The Hamilton County Green Party is in favor of good public transportation. We oppose the proposed Cincinnati streetcar project because we believe that building a wasteful, inefficient, and ineffective system that serves a very limited population will diminish public support for investment in true mass transit. This project could doom any chance our region has to develop a meaningful light rail or other public transportation system beyond the bus system. 

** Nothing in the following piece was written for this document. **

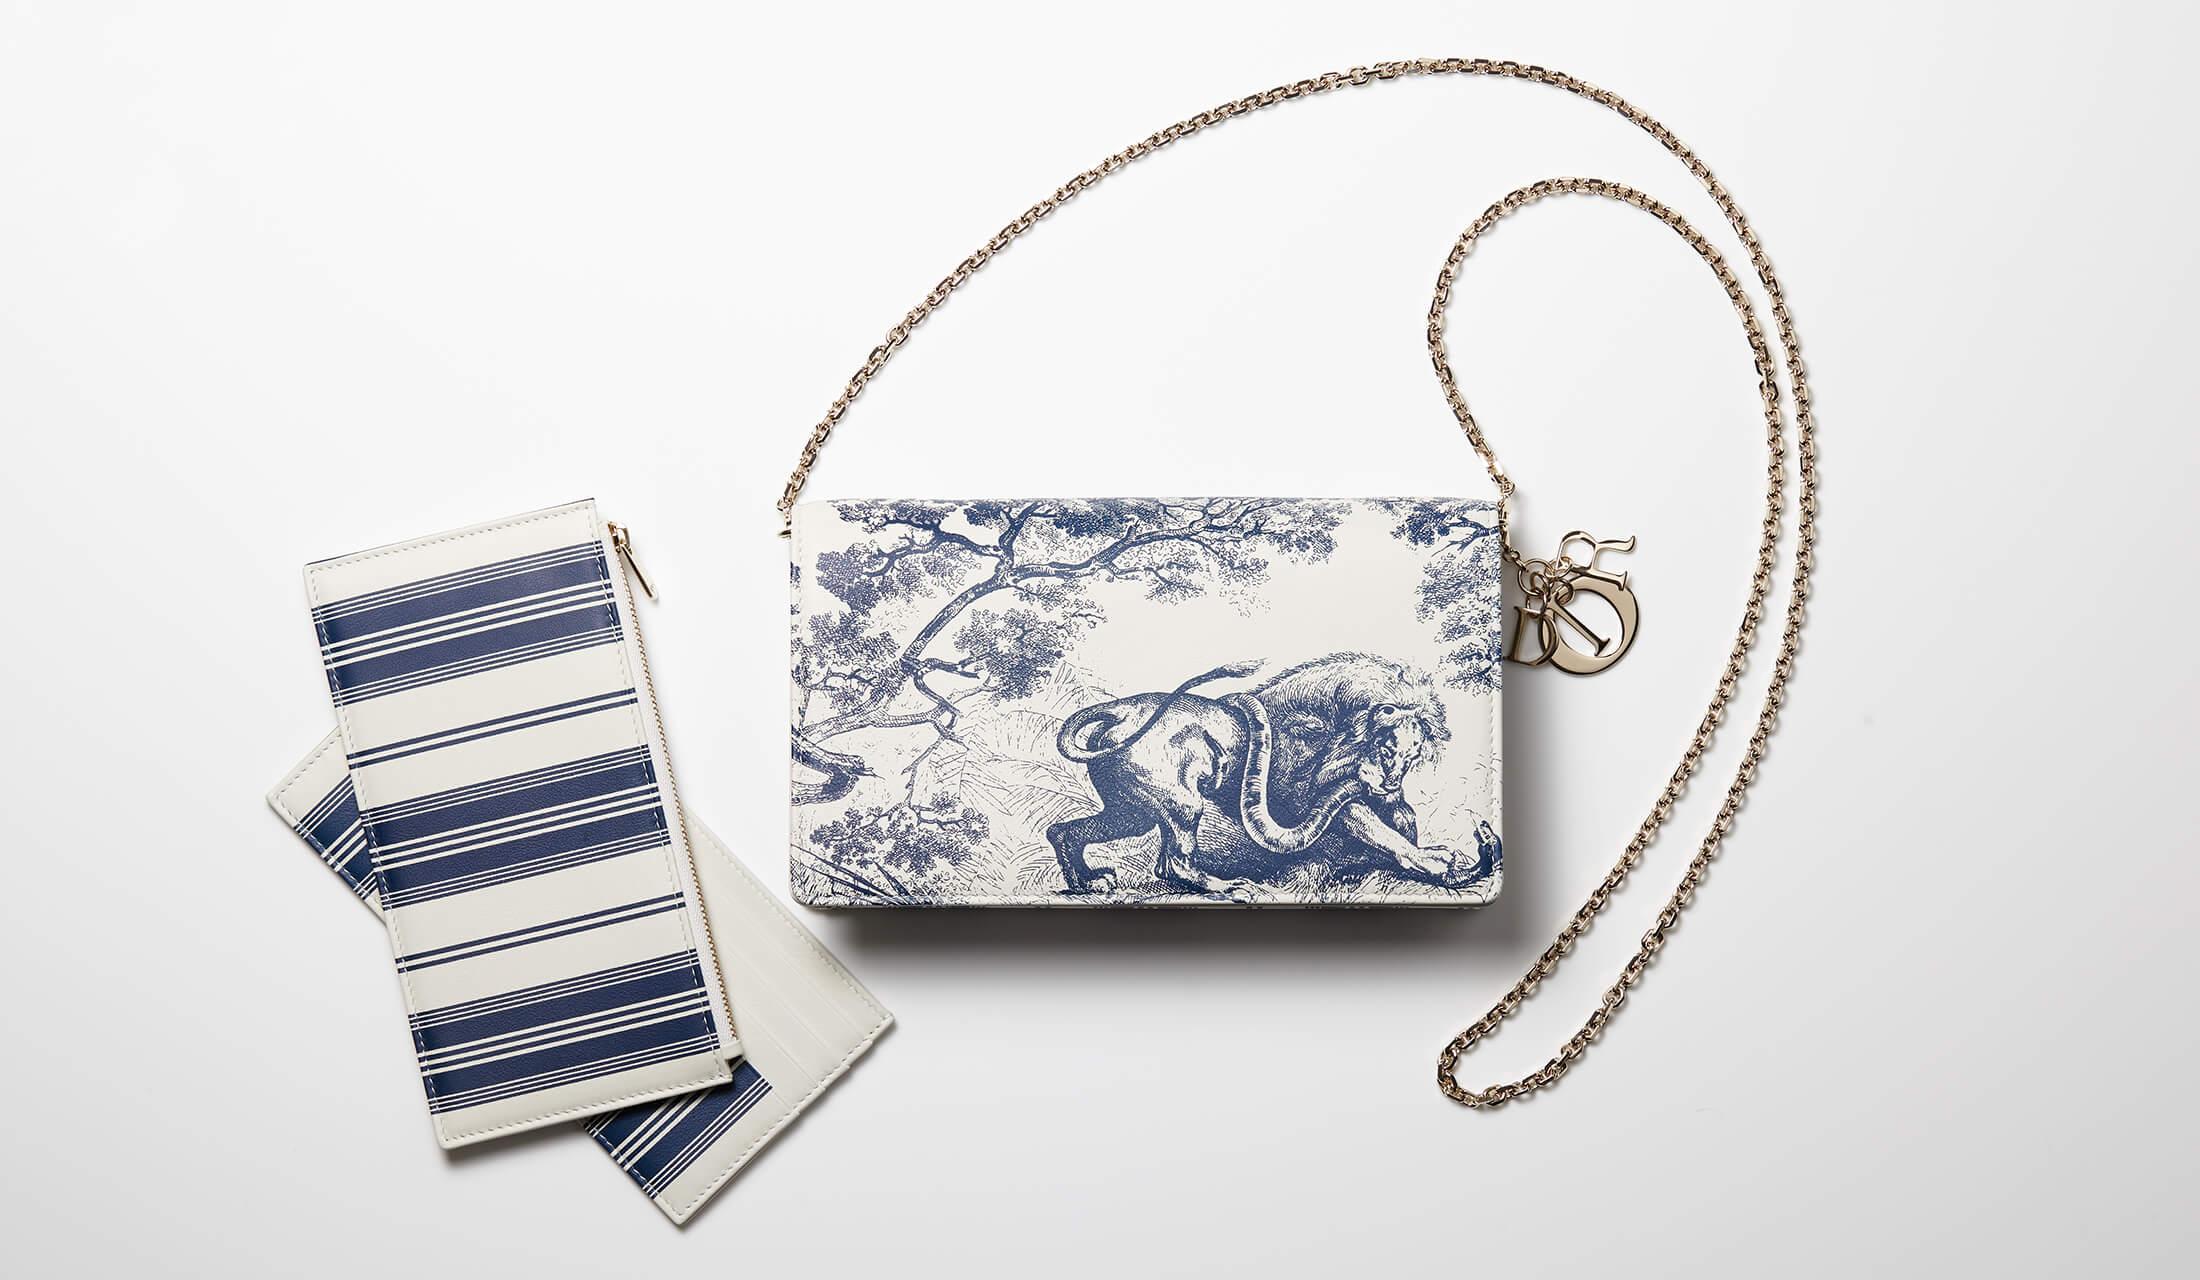 白ベースにブルーで動物や植物、ストライプ柄が描かれたウォレットとカードホルダーのセット

Petition language regarding the Streetcar

TEXT: Be it resolved by the people of the City of Cincinnati that a new Article XVI of the Charter is hereby added as follows:
Section 1. The City shall not spend any money on the design, engineering, construction or operation of a Streetcar System, or any portion thereof. Further, the City shall not incur any indebtedness or contractual obligations for the purpose of financing or constructing any Streetcar System, or any portion thereof.
Section 2. This Amendment applies from the date it is certifited to the Charter, and will continue in effect until December 31, 2020. This Amendment will have no force or effect after December 31, 2020.
Section 3. For purposes of this Amendment, (i) the term “Streetcar System” means a system of passenger vehicles operated on rails constructed primarily in existing public rights of way, (ii) the term “City” includes without limitation the City, the Manager, the Mayor, the Council, and the City’s various boards, commissions, agencies and departments and (iii) the term “money” means any money from any source whatsoever.
Section 4. In the event that any provision of this Article XVI is found to be unconstitutional or impermissibly in conflict with state or federal law, only such provision found to be unconstitutional or impermissible will be stricken, and the remainder of this Article XVI will remain in full force and effect.